EU approves Microsoft's proposed takeover of Activision

The EU has approved Microsoft’s bid to takeover Activision.

The European Union giving the greenlight to the tech giant’s attempt to acquire the video game company comes after the UK’s Competition and Market Authority blocking the deal three weeks ago.

The purchase - which has split the gaming industry - is set to be the most significant one in the sector’s history but has divided competition regulators across the world and can only go ahead when the US, EU and UK bodies all permit it to do so.

Currently, only the EU’s European Commission have given it the OK to go ahead after they found Microsoft had addressed their worries about the purchase.

In their ruling, the EC said: "The commitments fully address the competition concerns identified by the Commission and represent a significant improvement for cloud gaming as compared to the current situation,"

This vote of confidence in the deal - which would see Activision’s back catalogue be available to EU residents via their Xbox consoles - comes after the United States’ regulator, the Federal Trade Commission, filed a lawsuit late last year to stop the deal and will not be ruled on until late 2023.

After the EU gave their judgement, the CMA reiterated their opposition to the deal.
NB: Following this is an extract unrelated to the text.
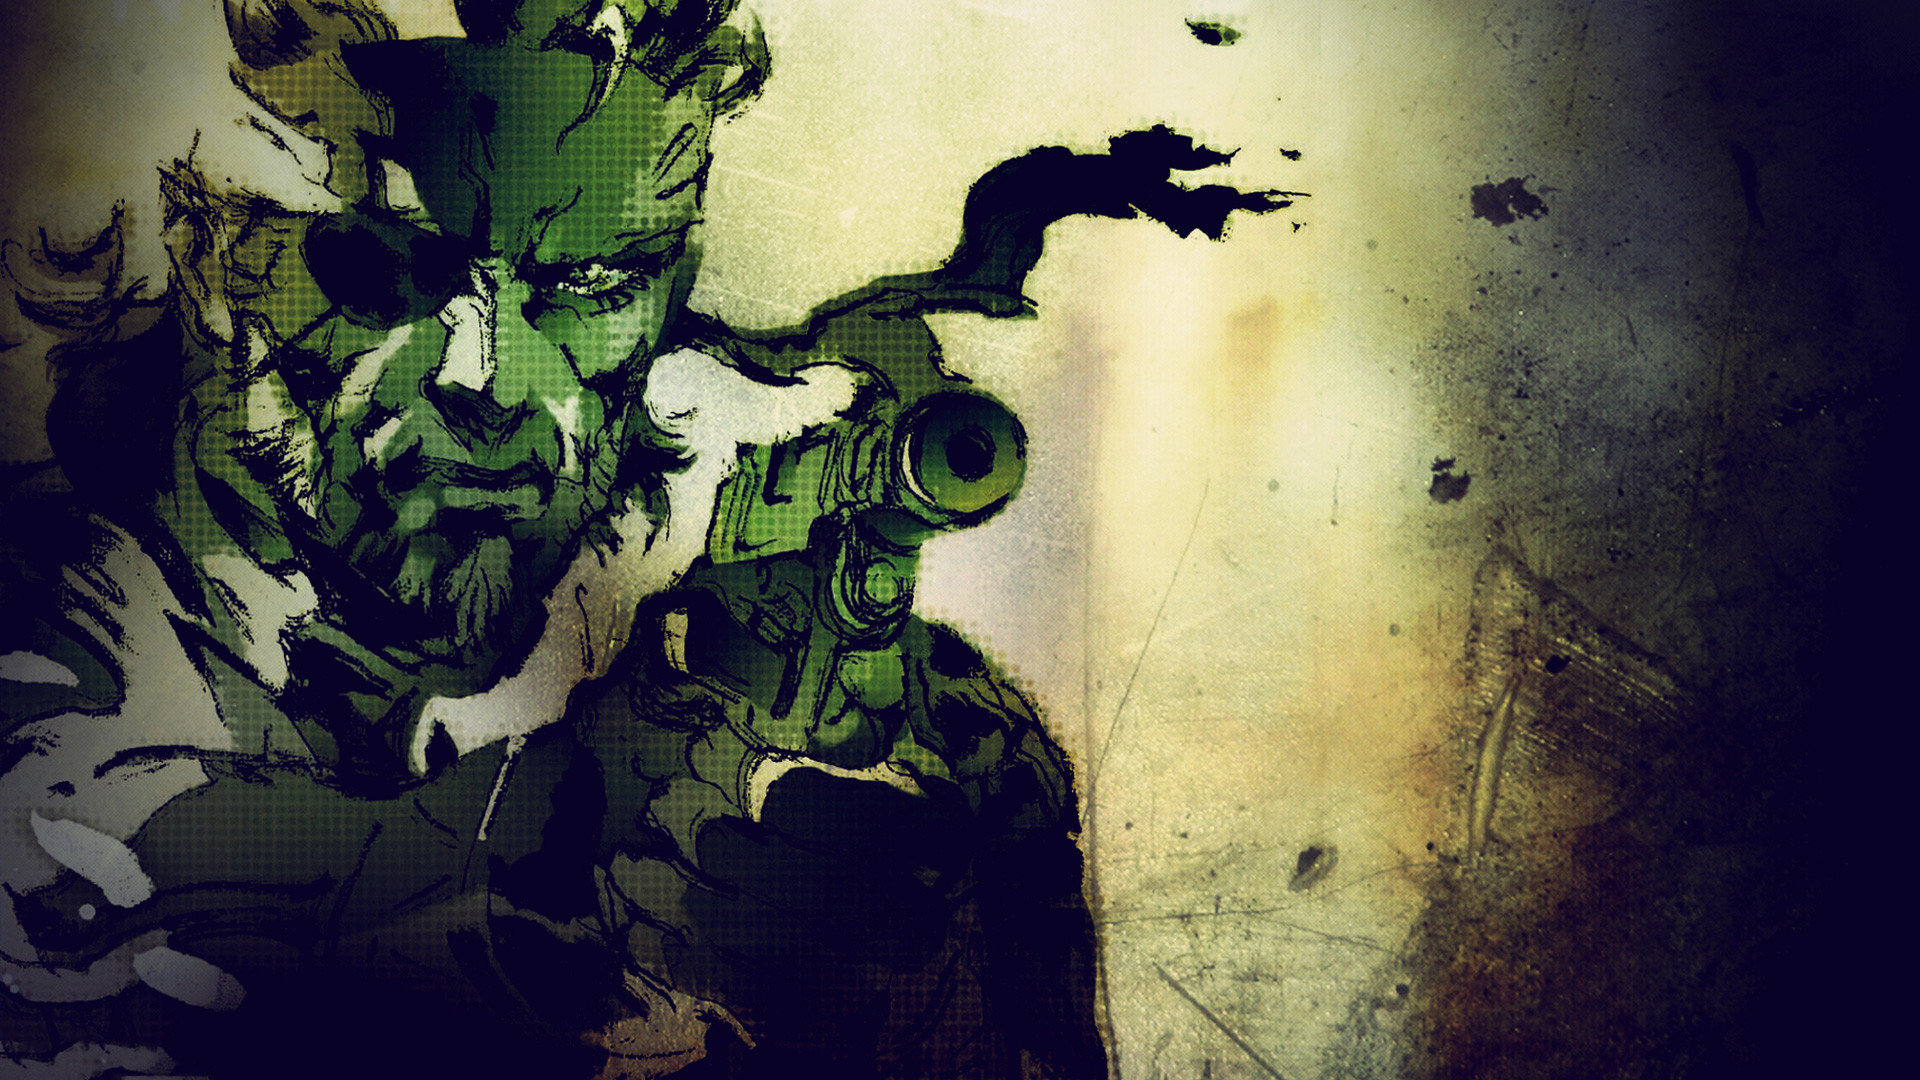 1920x1080 Metal Gear Solid - Snake HD Wallpaper | Background Image |  |  ID:500625 - Wallpaper Abyss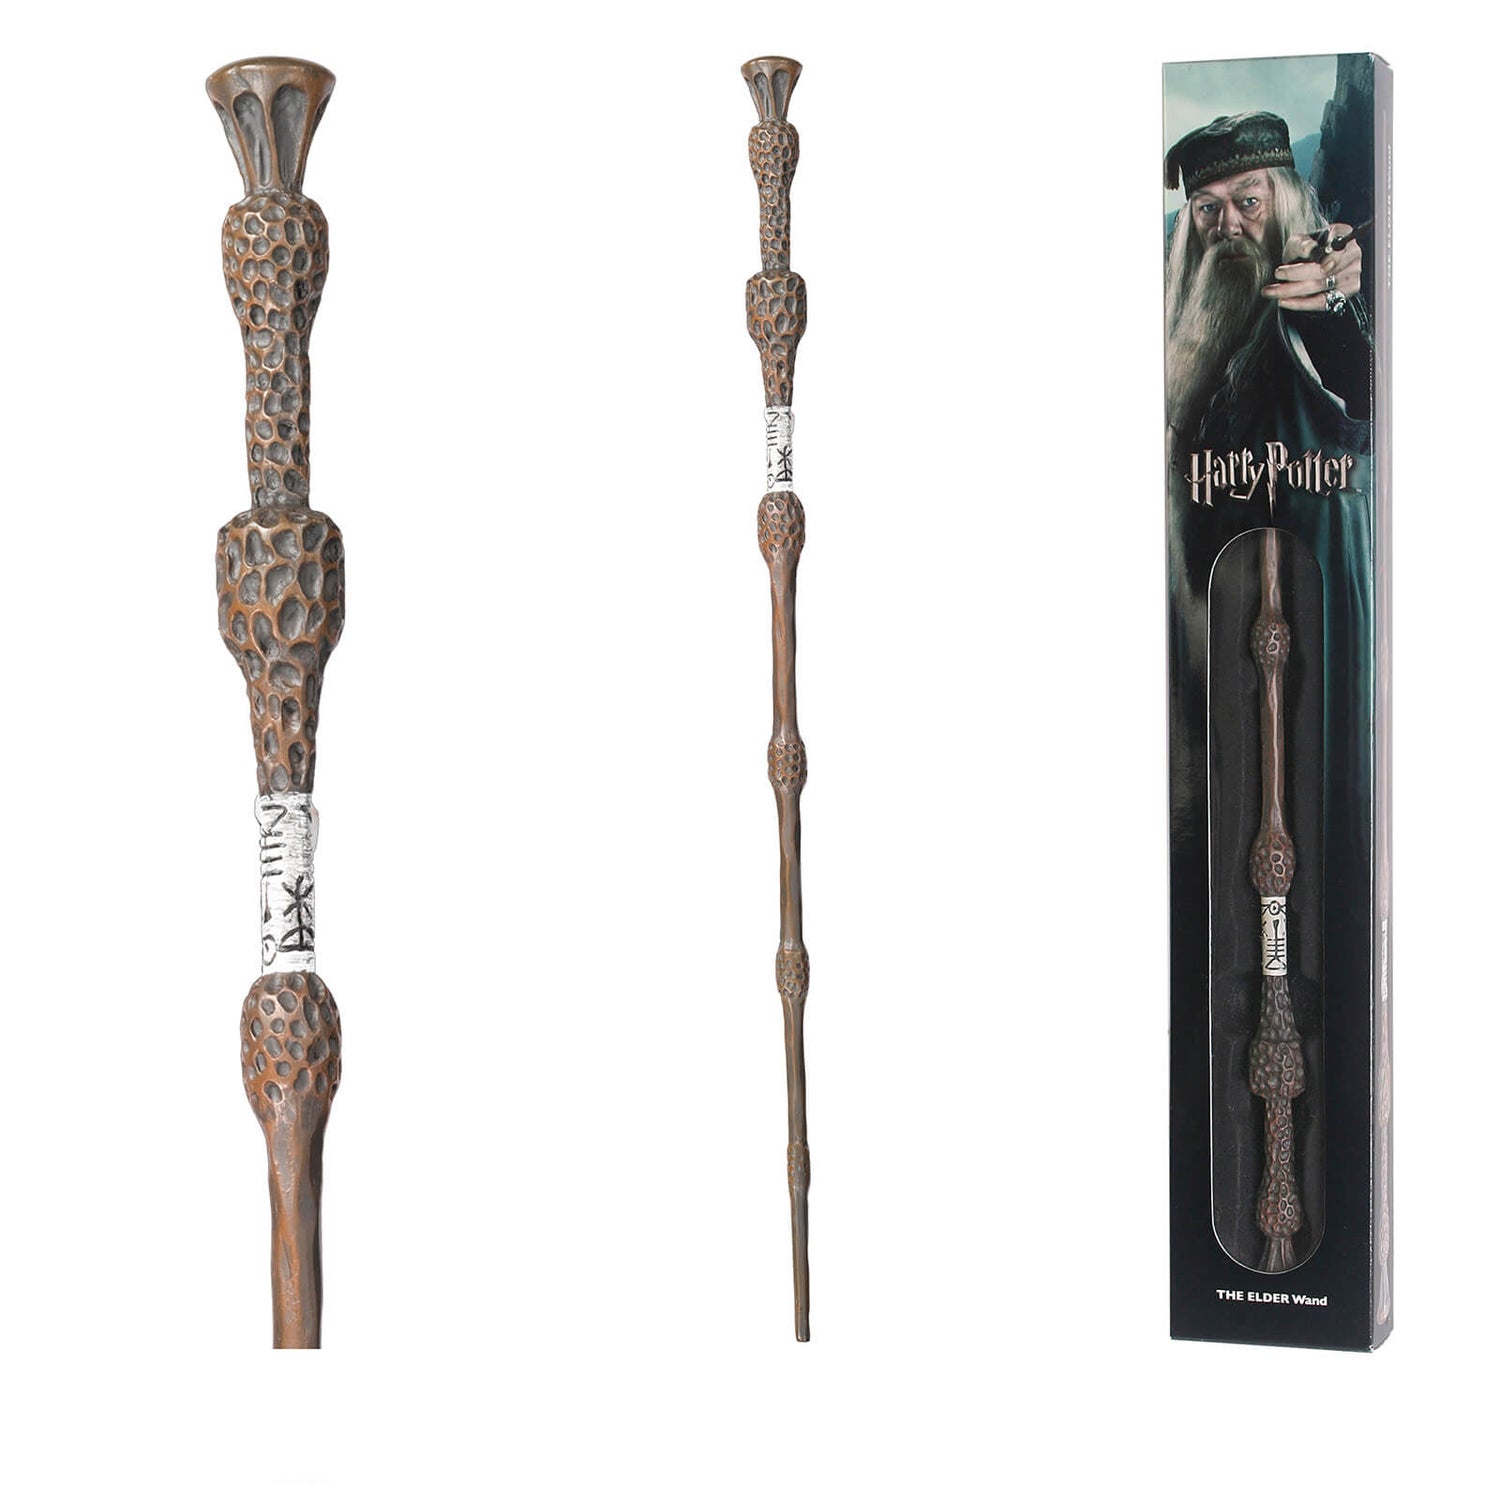 Harry Potter Dumbledores Wand Prop Replica with Window Box - Brown

Sarah Cardell, the body’s regulator, said: "Microsoft's proposals, accepted by the European Commission today, would allow Microsoft to set the terms and conditions for this market for the next 10 years.

"They would replace a free, open and competitive market with one subject to ongoing regulation of the games Microsoft sells, the platforms to which it sells them, and the conditions of sale.

"This is one of the reasons the CMA's independent panel group rejected Microsoft's proposals and prevented this deal."